74

I am writing some code to interface with redmine and I need to upload some files as part of the process, but I am not sure how to do a POST request from python containing a binary file.

I am trying to mimic the commands here:

curl --data-binary "@image.png" -H "Content-Type: application/octet-stream" -X POST -u login:password http://redmine/uploads.xml

In python (below), but it does not seem to work. I am not sure if the problem is somehow related to encoding the file or if something is wrong with the headers.

import urllib2, os

FilePath = "C:\somefolder\somefile.7z"
FileData = open(FilePath, "rb")
length = os.path.getsize(FilePath)

password_manager = urllib2.HTTPPasswordMgrWithDefaultRealm()
password_manager.add_password(None, 'http://redmine/', 'admin', 'admin')
auth_handler = urllib2.HTTPBasicAuthHandler(password_manager)
opener = urllib2.build_opener(auth_handler)
urllib2.install_opener(opener)
request = urllib2.Request( r'http://redmine/uploads.xml', FileData)
request.add_header('Content-Length', '%d' % length)
request.add_header('Content-Type', 'application/octet-stream')
try:
    response = urllib2.urlopen( request)
    print response.read()
except urllib2.HTTPError as e:
    error_message = e.read()
    print error_message

I have access to the server and it looks like a encoding error:

...
invalid byte sequence in UTF-8
Line: 1
Position: 624
Last 80 unconsumed characters:
7z¼¯'ÅÐз2^Ôøë4g¸R<süðí6kĤª¶!»=}jcdjSPúá-º#»ÄAtD»H7Ê!æ½]j):

(further down)

Started POST "/uploads.xml" for 192.168.0.117 at 2013-01-16 09:57:49 -0800
Processing by AttachmentsController#upload as XML
WARNING: Can't verify CSRF token authenticity
  Current user: anonymous
Filter chain halted as :authorize_global rendered or redirected
Completed 401 Unauthorized in 13ms (ActiveRecord: 3.1ms)
Mac
  • 3,397
  • 3
  • 33
  • 58

4 Answers4

98

Basically what you do is correct. Looking at redmine docs you linked to, it seems that suffix after the dot in the url denotes type of posted data (.json for JSON, .xml for XML), which agrees with the response you get - Processing by AttachmentsController#upload as XML. I guess maybe there's a bug in docs and to post binary data you should try using http://redmine/uploads url instead of http://redmine/uploads.xml.

Btw, I highly recommend very good and very popular Requests library for http in Python. It's much better than what's in the standard lib (urllib2). It supports authentication as well but I skipped it for brevity here.

import requests
with open('./x.png', 'rb') as f:
    data = f.read()
res = requests.post(url='http://httpbin.org/post',
                    data=data,
                    headers={'Content-Type': 'application/octet-stream'})

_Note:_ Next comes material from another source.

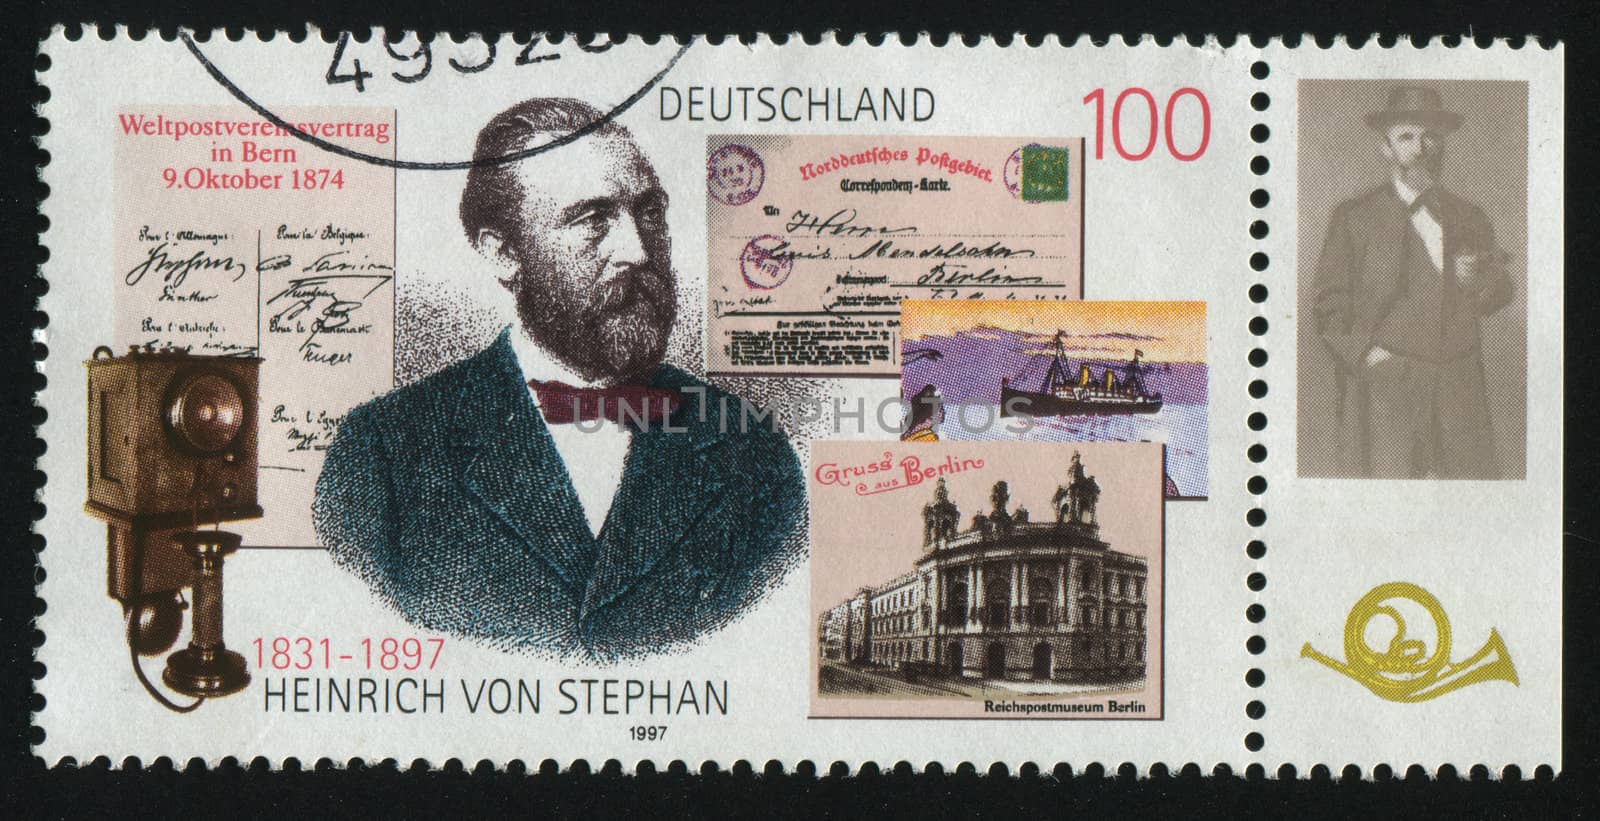 GERMANY- CIRCA 1997: stamp printed by Germany, shows Heinrich von Stephan, circa 1997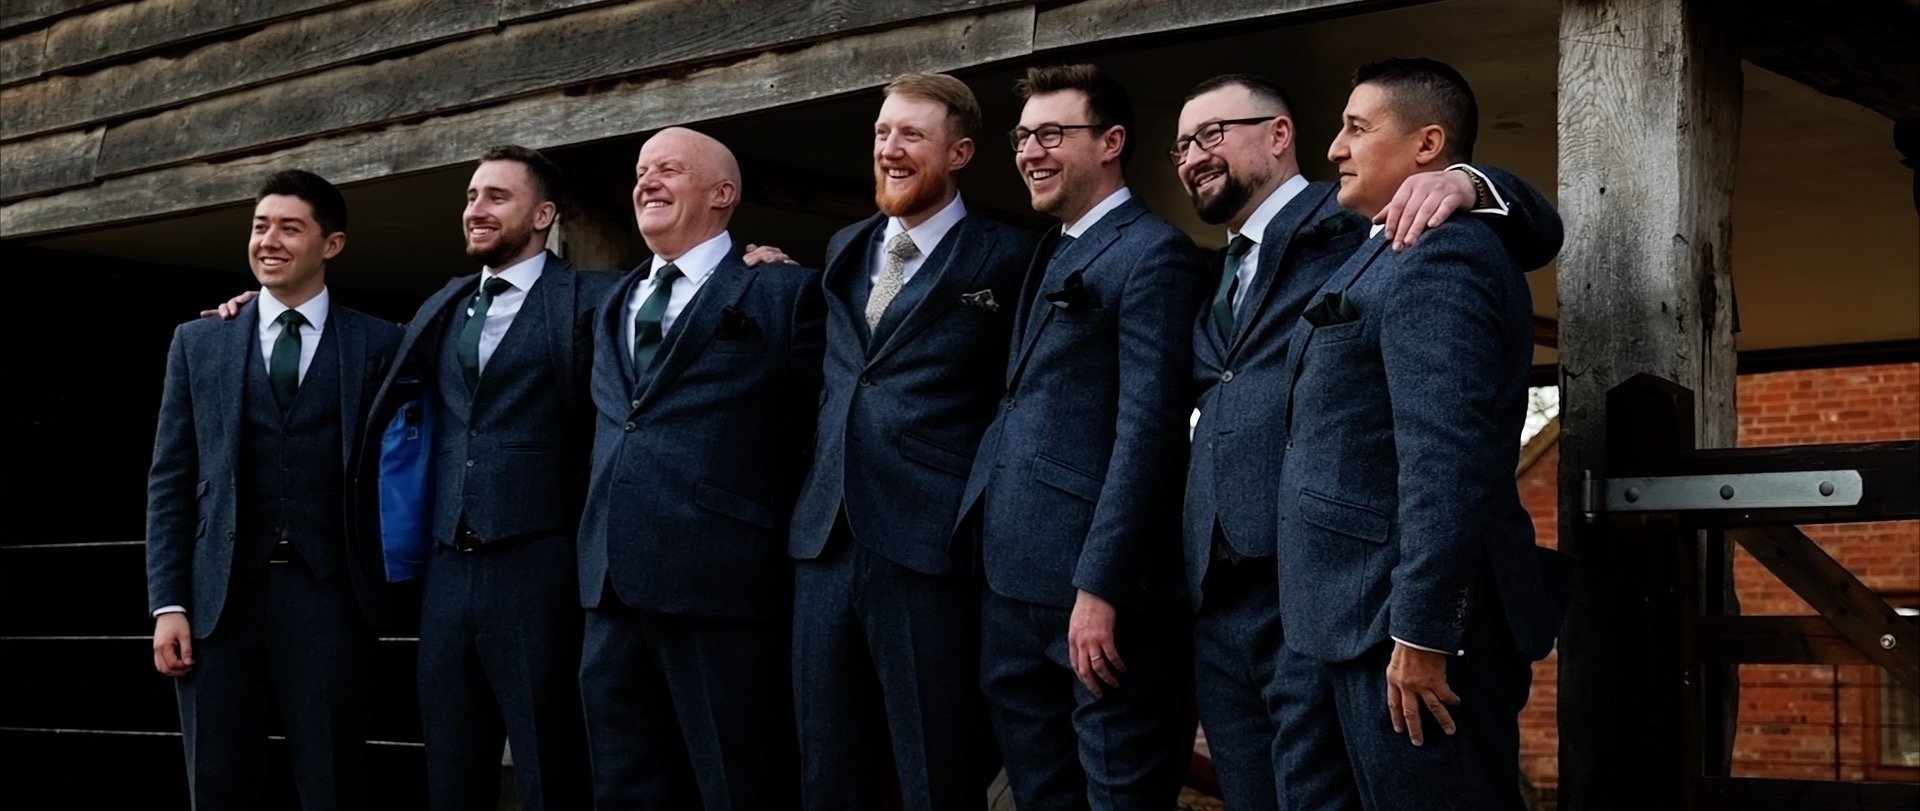 Apton Hall Wedding Videography - 3 Cheers Media - The groomsmen.jpg

# let's check if what we sent is what we intended to send...
import json
import base64

assert base64.b64decode(res.json()['data'][len('data:application/octet-stream;base64,'):]) == data

UPDATE

To find out why this works with Requests but not with urllib2 we have to examine the difference in what's being sent. To see this I'm sending traffic to http proxy (Fiddler) running on port 8888:

Using Requests

import requests

data = 'test data'
res = requests.post(url='http://localhost:8888',
                    data=data,
                    headers={'Content-Type': 'application/octet-stream'})

we see

POST http://localhost:8888/ HTTP/1.1
Host: localhost:8888
Content-Length: 9
Content-Type: application/octet-stream
Accept-Encoding: gzip, deflate, compress
Accept: */*
User-Agent: python-requests/1.0.4 CPython/2.7.3 Windows/Vista

test data

and using urllib2

import urllib2

data = 'test data'    
req = urllib2.Request('http://localhost:8888', data)
req.add_header('Content-Length', '%d' % len(data))
req.add_header('Content-Type', 'application/octet-stream')
res = urllib2.urlopen(req)

we get

POST http://localhost:8888/ HTTP/1.1
Accept-Encoding: identity
Content-Length: 9
Host: localhost:8888
Content-Type: application/octet-stream
Connection: close
User-Agent: Python-urllib/2.7

test data

I don't see any differences which would warrant different behavior you observe. Having said that it's not uncommon for http servers to inspect User-Agent header and vary behavior based on its value. Try to change headers sent by Requests one by one making them the same as those being sent by urllib2 and see when it stops working.

nightshiba
  • 37
  • 5
Piotr Dobrogost
  • 41,292
  • 40
  • 236
  • 366
  • No idea why, but using the requests module the exact same code works fine... Thanks a lot. Although, now I am very curious to know why urllib does not work... – Mac Jan 22 '13 at 11:55
  • With requests have a look here: https://stackoverflow.com/questions/12385179/how-to-send-a-multipart-form-data-with-requests-in-python – lorenzo May 18 '19 at 12:36
3

This has nothing to do with a malformed upload. The HTTP error clearly specifies 401 unauthorized, and tells you the CSRF token is invalid. Try sending a valid CSRF token with the upload.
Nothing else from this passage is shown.